Her father’s lawyers and accountants strongly advised against most donations. Several times they pleaded with her and advised her to stop recklessly giving away money, carelessly donating. They even took measures to block payments, which she overrode to their disdain and dismay. The accountant, lawyer, and financial advisor took their separate turns visiting her in her condominium and advised her to seek mental health counselling, but she ignored their exhortations. When they visited in a pair, and departed, disappointed, she could hear them lowering their voices, as they commented on her body odor and decrepit, tattered clothes and the mess in her living room. They whispered she needed intervention, a social worker, some kind of professional help. They sent the police occasionally to her condominium to check on her. They eventually agreed to write her off as a client.
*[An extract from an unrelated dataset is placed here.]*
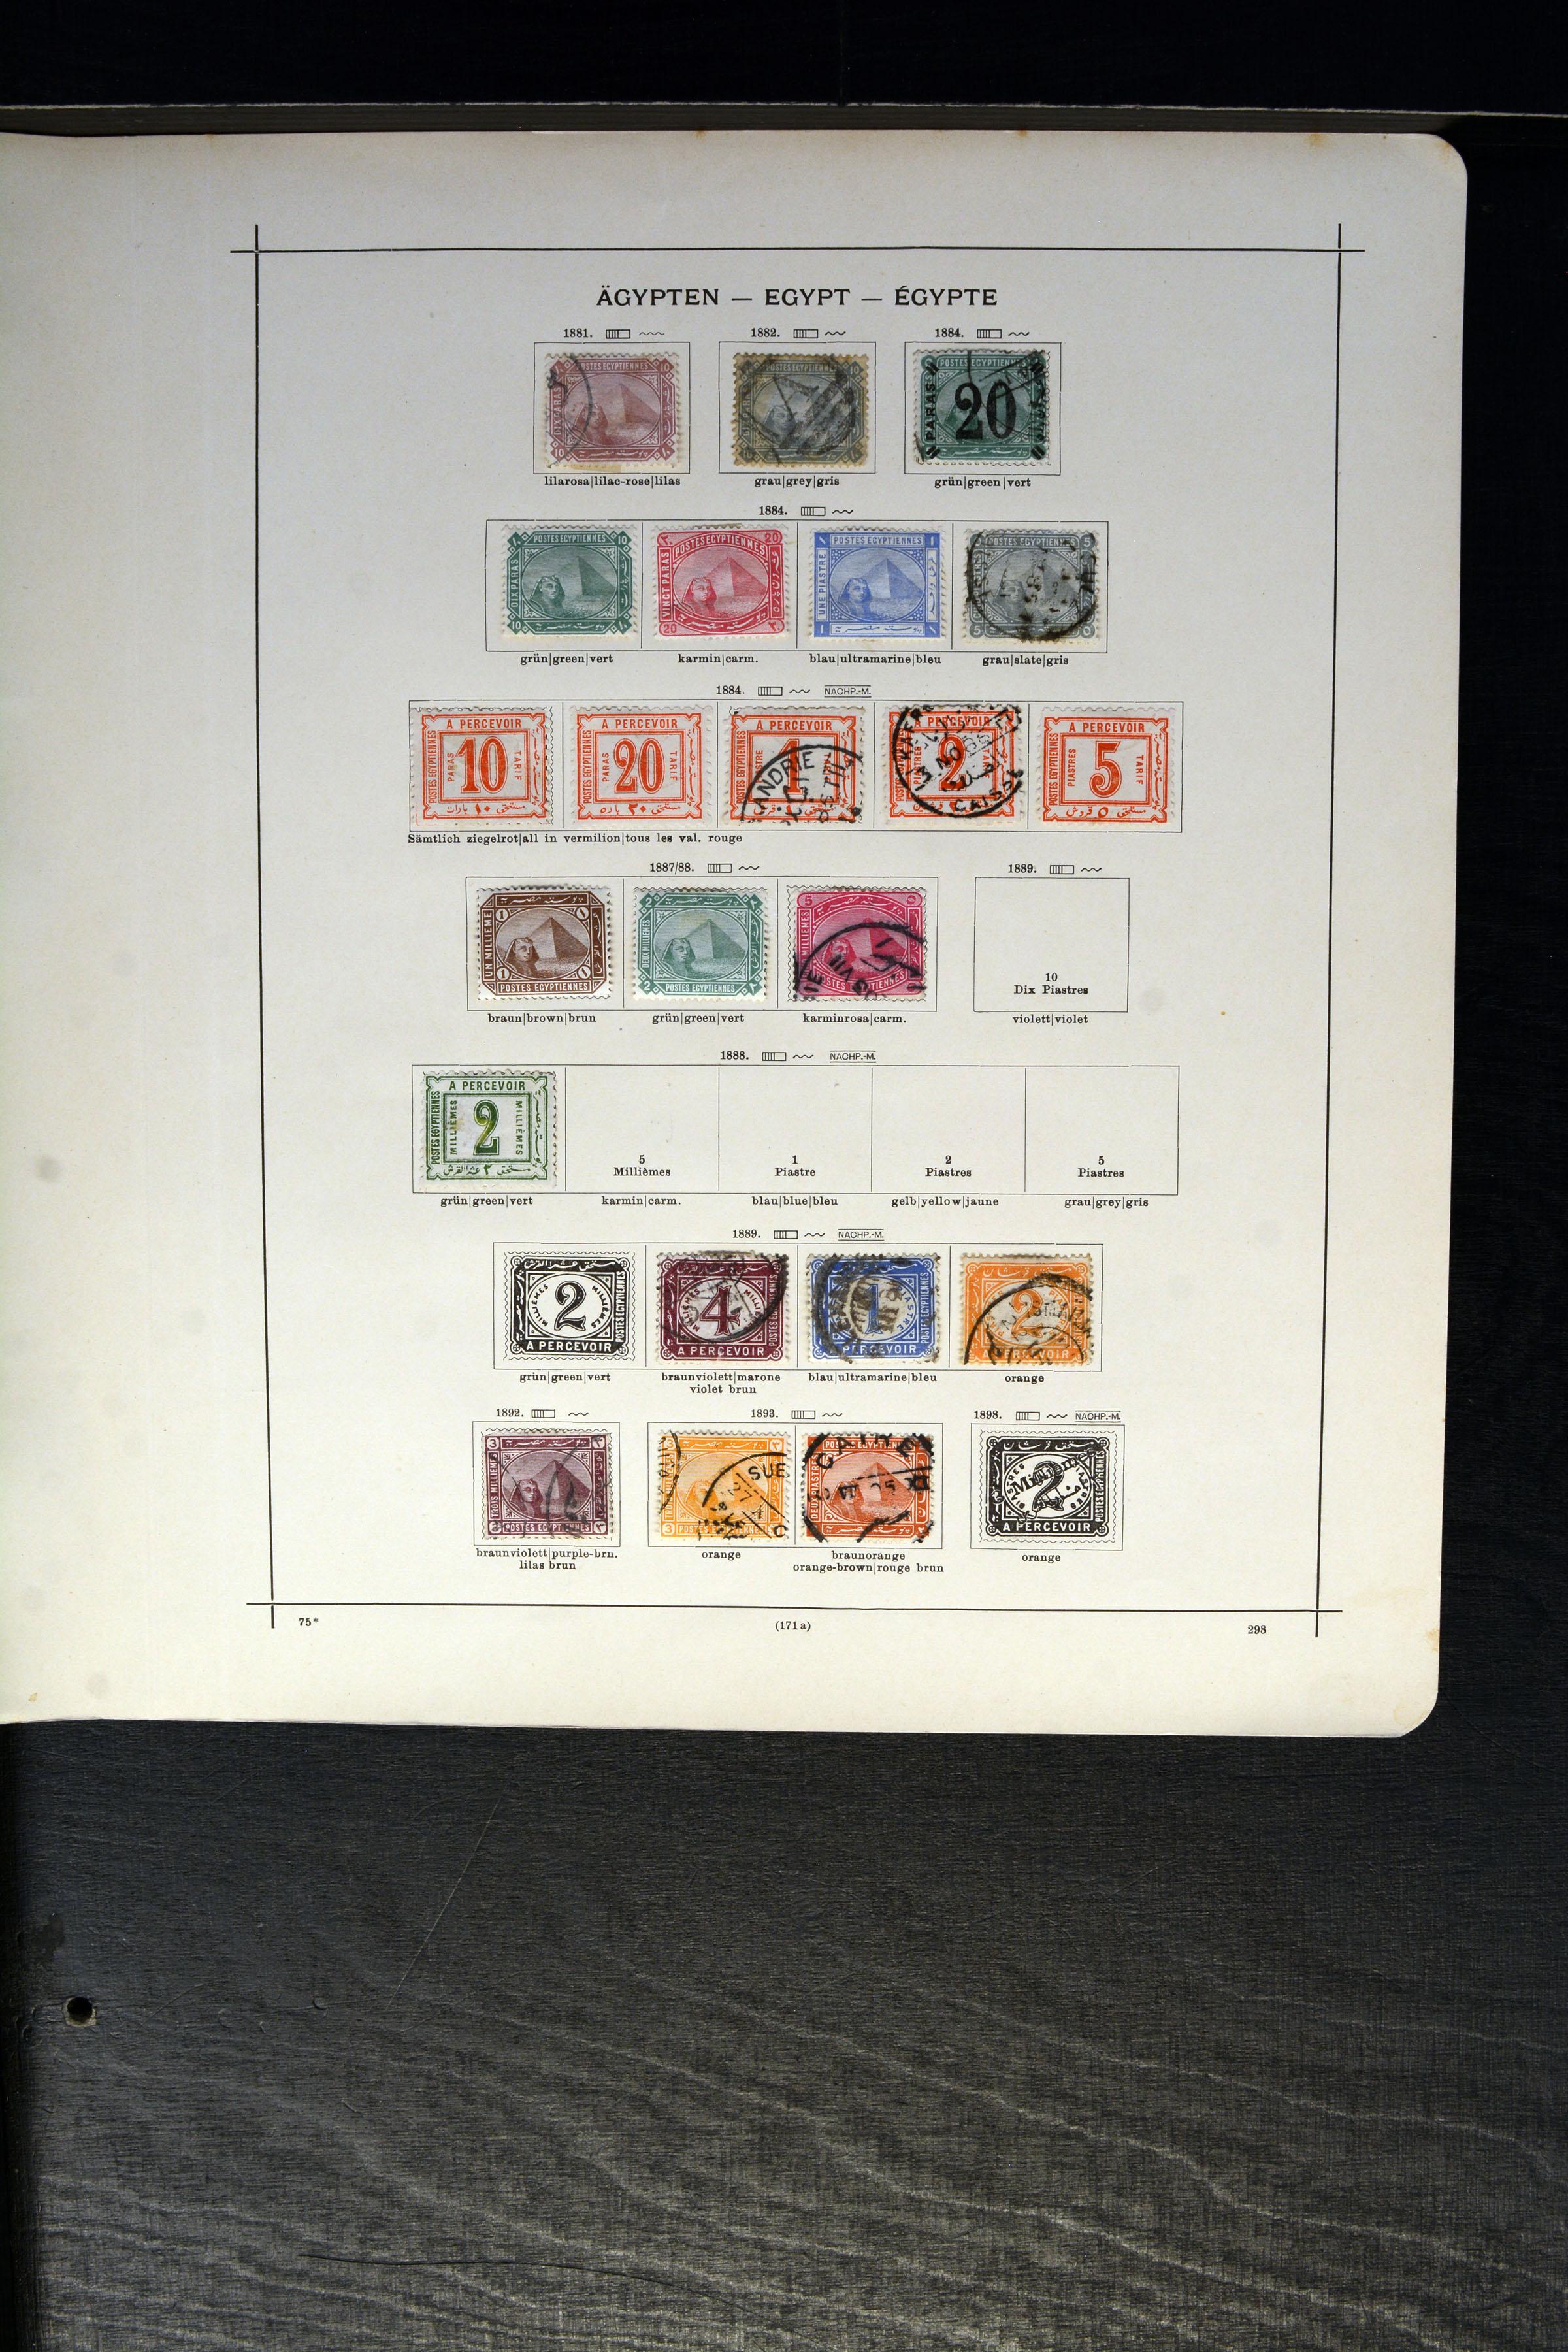 Heinrich Koehler Auctions Gmbh Co Kg Sale 367 Page 195

In a few years, the financial advisor from the trio informed Toyko her account balance was below one hundred thousand dollars, the minimum balance they required in their firm’s investment accounts. They said they were shutting down her account.

Toyko decided to return to her credit union of choice from years ago: she chose the branch of Metro Loyalist she robbed near her own condominium, for which she still received countless offers from pushy realtors.

The accountant visited her personally with the check. They met at a café in the neighborhood near her credit union.

“Your father told me he thought you should return to college and pursue your passion, as a mature student. That was a promising idea then and I think it’s a good idea now.” He raised his coffee cup in a toast.

“This money,” the accountant said, motioning to the check, “should tide you over through that period.” He handed her the receipts for the money transferred to her credit union account. He said that he had not been charging her any executor fees for the past few years. Then they argued over fees, which she insisted on paying, but he refused to accept them, concluding his visit, saying, “Read my lips” before he slowly mouthed the words, “Go. To. College.”

That summer evening she returned to the islands, the Centre Island pier. This time she sat on the beach. Indeed, Miguel, with the baseball cap for the Brazilian World Cup soccer team, was still a regular there at night, binning, scavenging, with his head lamp, checking the bins.

When he saw her, he offered her a slice of homemade pizza from his insulated lunch bag. She remembered the delicious sushi and ate the leftover pizza in the dark of the humid summer night at an abandoned picnic table.

Toyko explained to him what she perceived as her dilemma. She wondered if she should return to college as a mature student. Miguel told her she should; he had thought of doing so himself, but now he could not afford it.

“What if I helped pay for it?” Toyko asked.

“You go and after you graduate, maybe I’ll think about it.”

Toyko asked him if he would take her home that night. But he stared at her incredulously. He asked her if she was trying to get him into trouble. He ended up dragging along his wagon and recyclables ahead of her, as she followed behind him from a respectful distance, so they could catch the last ferry to the mainland.

In the autumn, Toyko enrolled in a four-year program in education and kinesiology at York University. When she finished her degree, a few years later, she went to a teacher’s college for a year. Toyko became a gym teacher on a reserve, a First Nation community in Northwestern Ontario. She even learned to play ice hockey and coached their hockey, basketball, and volleyball teams.